There is no perfect solution for every online game due to the heterogeneous needs obtained from distinct gaming genres, diverse operating environments, and different user acceptance. As such, developers often design the in-game mechanics based on the specific requirements of the content. The next section illustrates the various elements considered during the development of modern online games with regard to their heterogeneity.

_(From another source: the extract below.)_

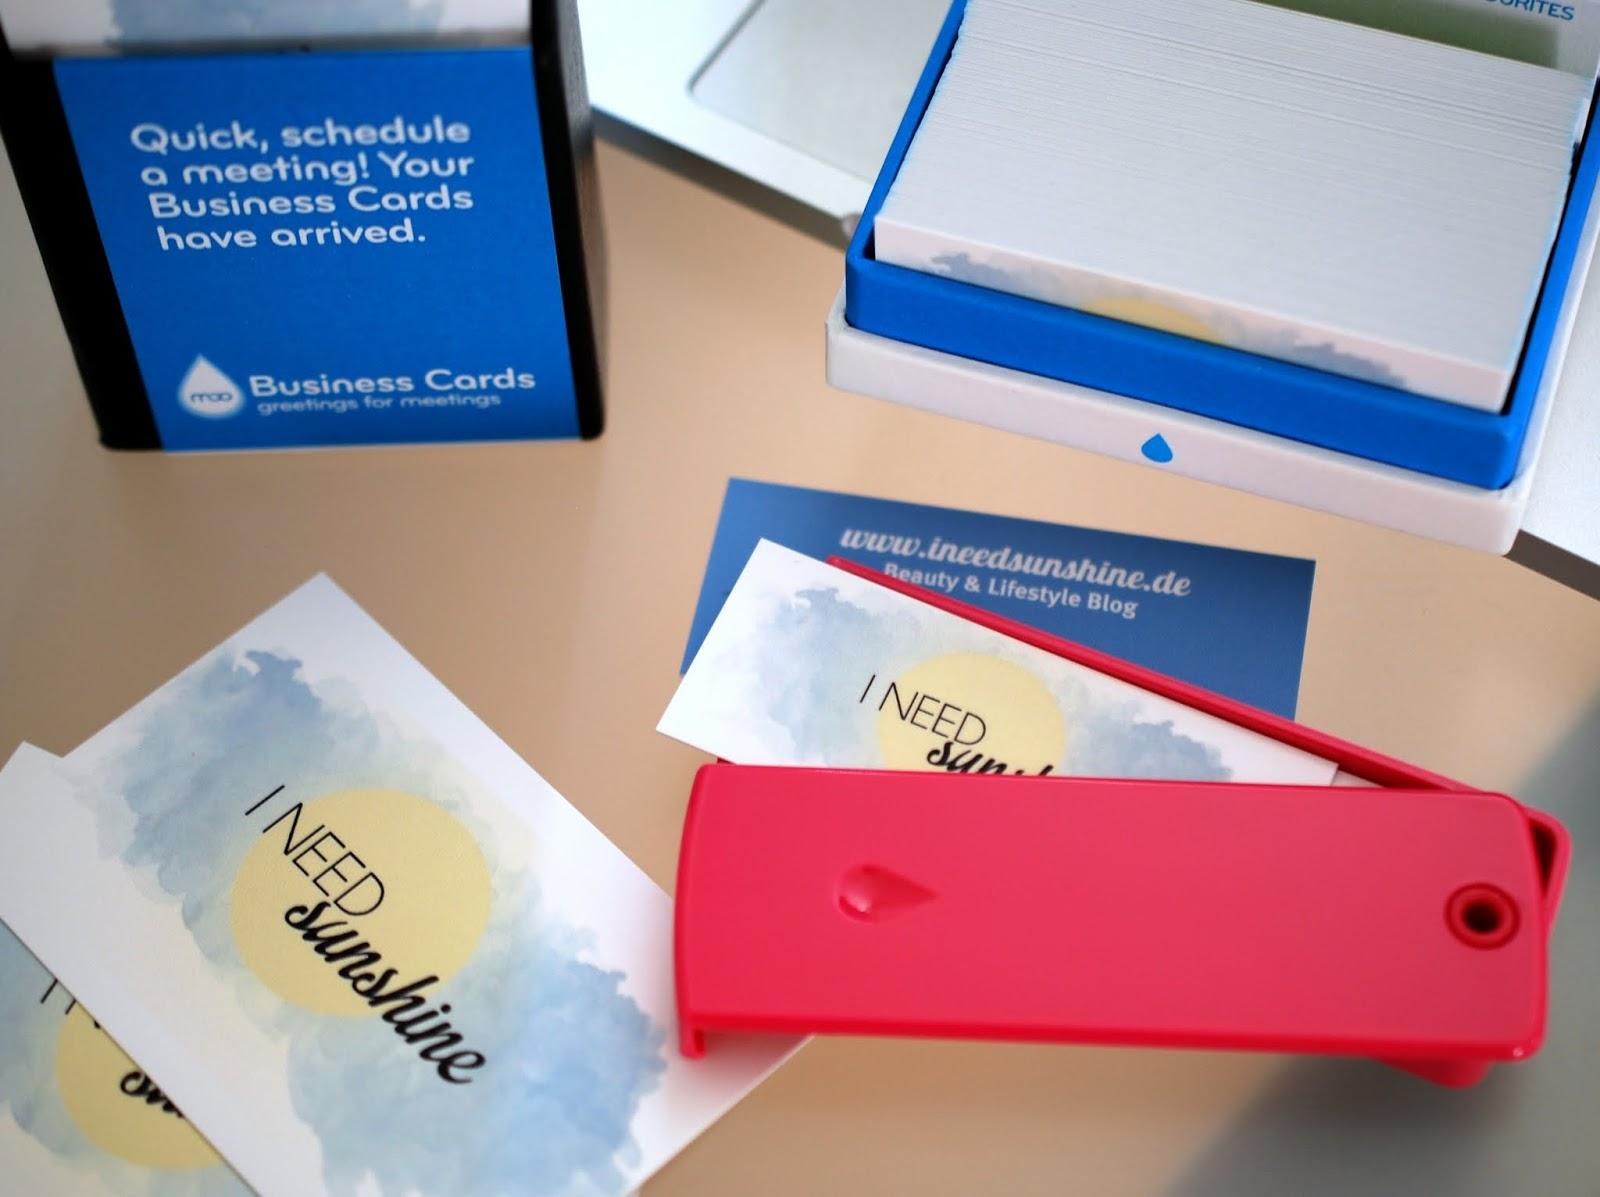 Braucht man Visitenkarten für den Blog und was sollte draufstehen?

3. Technical Design of Current Use of Networks in Online Gaming

Due to the comprehensive involvement of networks in online gaming, the operation of the game is directly influenced by numerous aspects of the technical designs of the network, the execution of the game, and external environments. The underperformance or failure of any of the systems could result in a frustrating final user experience. Therefore, developers have been implementing mechanics in several layers of networks to optimise the game and minimise influences caused by external factors.

3.1. Transport Layer Protocol

Manufacturers usually use IP networks to send data and have limited influence over the physical setup of the communication network outside of the game server. Therefore, the program's transport and application layers are where most feasible optimizations are usually done. The connection-oriented Transmission Control Protocol (TCP) and the message-oriented User Datagram Protocol (UDP) are the most frequently deployed transport layer protocols today, while other transport protocols are also being developed to accommodate the characteristics of online gaming. The features of the desired gameplay experiences heavily impact the choice of the underlying protocol. For instance, games that demand intensive interaction, such as First Person Shooter (FPS) games, should be accompanied by frequent and responsive UDP packets, whereas content-centric games, such as Turn-Based Strategy (TBS) games, would benefit from enhanced reliability, a trait inherited from TCP [6].

The nature of TCP also makes it suitable for games requiring reliable connections, congestion control, and ordered transmissions. However, this protocol has drawn criticism for being inadequate for time-sensitive gameplay: TCP transfers data in a rigidly ordered stream, thus any missed packets must be delivered again before gameplay can continue, even though only the most recent data is required to update the game state in most cases [7, 8]. Due to the outdated information, this Head of Line (HOL) blocking behaviour raises a transmission delay and necessitates additional processing in the subsequent responsive frame. Therefore, TCP is only used by certain non-time-sensitive games that require high reliability or is implemented in other indirect gameplay communications such as voice chats. As opposed to TCP, which causes blocking at the transport layer, the message-oriented design of UDP enables lossy data delivery with significantly reduced latency. Although UDP does not provide built-in measures for reliability or ordering, such requirements can be achieved as added extensions under the application layer and are not always required in every type of game [9].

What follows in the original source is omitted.